Марья моя тоже отлежала в больнице с сердцем, но сейчас уже в ходу, печатает, носится по квартире, как иноходец, хотя и неможется всё ещё ей. Я обнимаю тебя и ещё раз поздравляю. Твой Виктор Петрович
Март 1970 г.
(Н. Волокитину)
Дорогой Николай!
Пока я хворал, много чего перечитал и прочитал вновь. У больного есть такие преимущества – никто ему не мешает читать и думать. Из-за хвори не поехал и на съезд, всё ещё болит голова и слабость большая.
Повесть Вы написали славную, непринуждённую, и всё, что я мог сказать доброго, сказал, а копию рецензии отправляю Вам. Самоё рецензию отошлю в «Литературку», и если там почему-либо не напечатают её, передам в журнал «Наш современник». Словом, рецензия где-то всё равно будет напечатана.
Само собой разумеется, в рецензии я старался поддержать Вас, обратить на Вас внимание критики и просвещённого читателя, а потому и вылавливал самое лучшее, что есть у Вас и что следует Вам хранить и развивать в себе.

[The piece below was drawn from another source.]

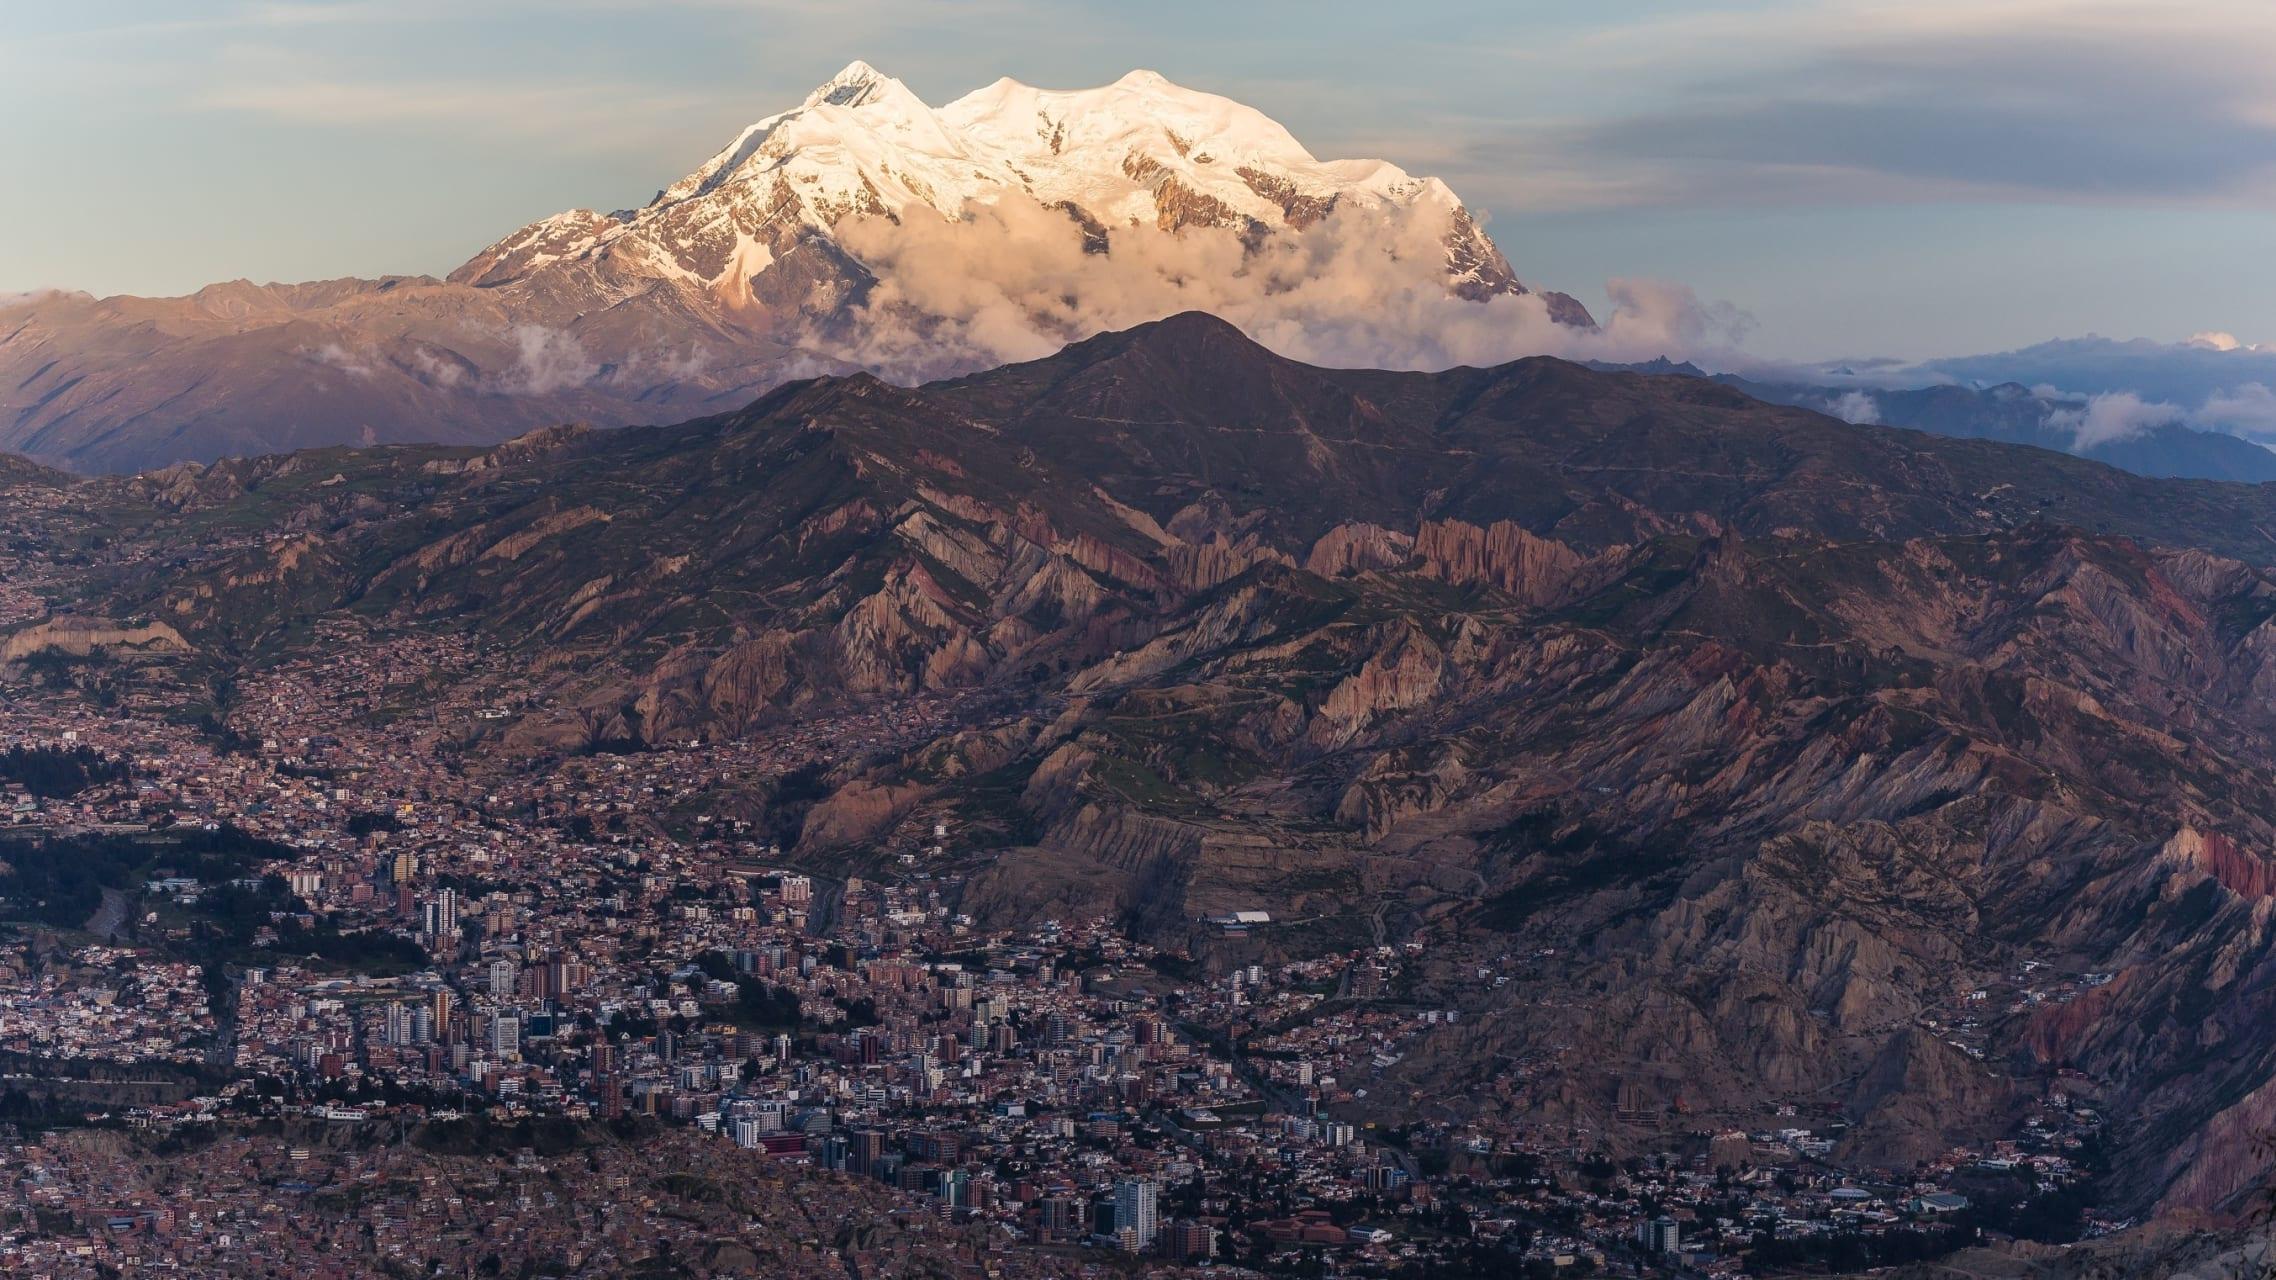 La Paz - The Andes

В письме же я позволю себе немножко поворчать, ибо знаю, что в селе Казачинском, хотя оно и прекрасное село, никто Вам профессионально ничего сказать не сможет. Знаю, потому что сам прожил 18 лет в глухой периферийной местности и варился, как говорится, в собственном соку.
О повести. Вы ещё пока плохо владеете композицией произведения. Конструкция повести случайна во многом и, несмотря на то, что она, повесть, невелика по размеру, кажется рыхловатой. Много людей в повести, зачастую совсем необязательных. Одну простую вещь усвойте – чем в дому меньше народу, тем ему, этому народу, удобней и вольготней жить, тем больше у вас возможностей рассмотреть каждого, остановиться на каждом и написать его подробней. Пока же цельным и полнокровным получился лишь образ тёти Оли. На ней стоит и держится повесть. Остальные – тени и отмечены лишь внешними чёрточками, а характеров персонажей нет или они слабо и опять же внешне намечены.
Но это издержки производства. Будете дальше писать, сами многое поймёте и усвоите. Талант Ваш несомненен. Только он, талант, нуждается в постоянном развитии и подживлении. Напряжённо надо будет Вам работать и писать много, особенно публицистики, чтобы развивать мысль свою и углублять чувство и восприятие окружающей Вас жизни.
Книга Ваша первая несёт в себе почти все недостатки первых книжек нашего брата. Главнейший её недостаток – она поверхностна. Вы в ней ещё скользите по верхам и снимаете глазом пенки с жизни. Слов нет, пенки вещь вкусная – это все мы с детства знаем, но пенками одними не проживёшь и не пропитаешься, литература – это чёрный хлеб и зачастую трудно добываемый.
Люди в Ваших рассказах почти все резонёры и бодрячки. Мало того, что они сплошь и рядом совершают благородные поступки, они ещё и говорят о них бодренько, а автор ещё и похвалит их, да и пояснит читателю, что шибко хороший это человек. Видно, нет уверенности, что читатель сам может разобраться в этом.
Постарайтесь мысленно избавляться от газеты всякий раз, как садитесь писать «для себя».
Я требую от Вас многого? Но что делать! Вы выплываете на литературный фарватер, и тут уж надо беречься, чтоб не понесло Вас по течению или вовсе из лодки своей не опрокинуло.
По письму судя, Вы человек искренний и серьёзный. Таким и будьте. Но строже, строже в работе. Кому много дано, с того много и спрашивается. Поэтому я комплименты Вам не говорю, толку от них мало, а предостерегаю от тех ошибок, которые сам совершал в одинокой литературной молодости и которые, будучи запущенными, как болезнь, с болью же большой и искореняются потом.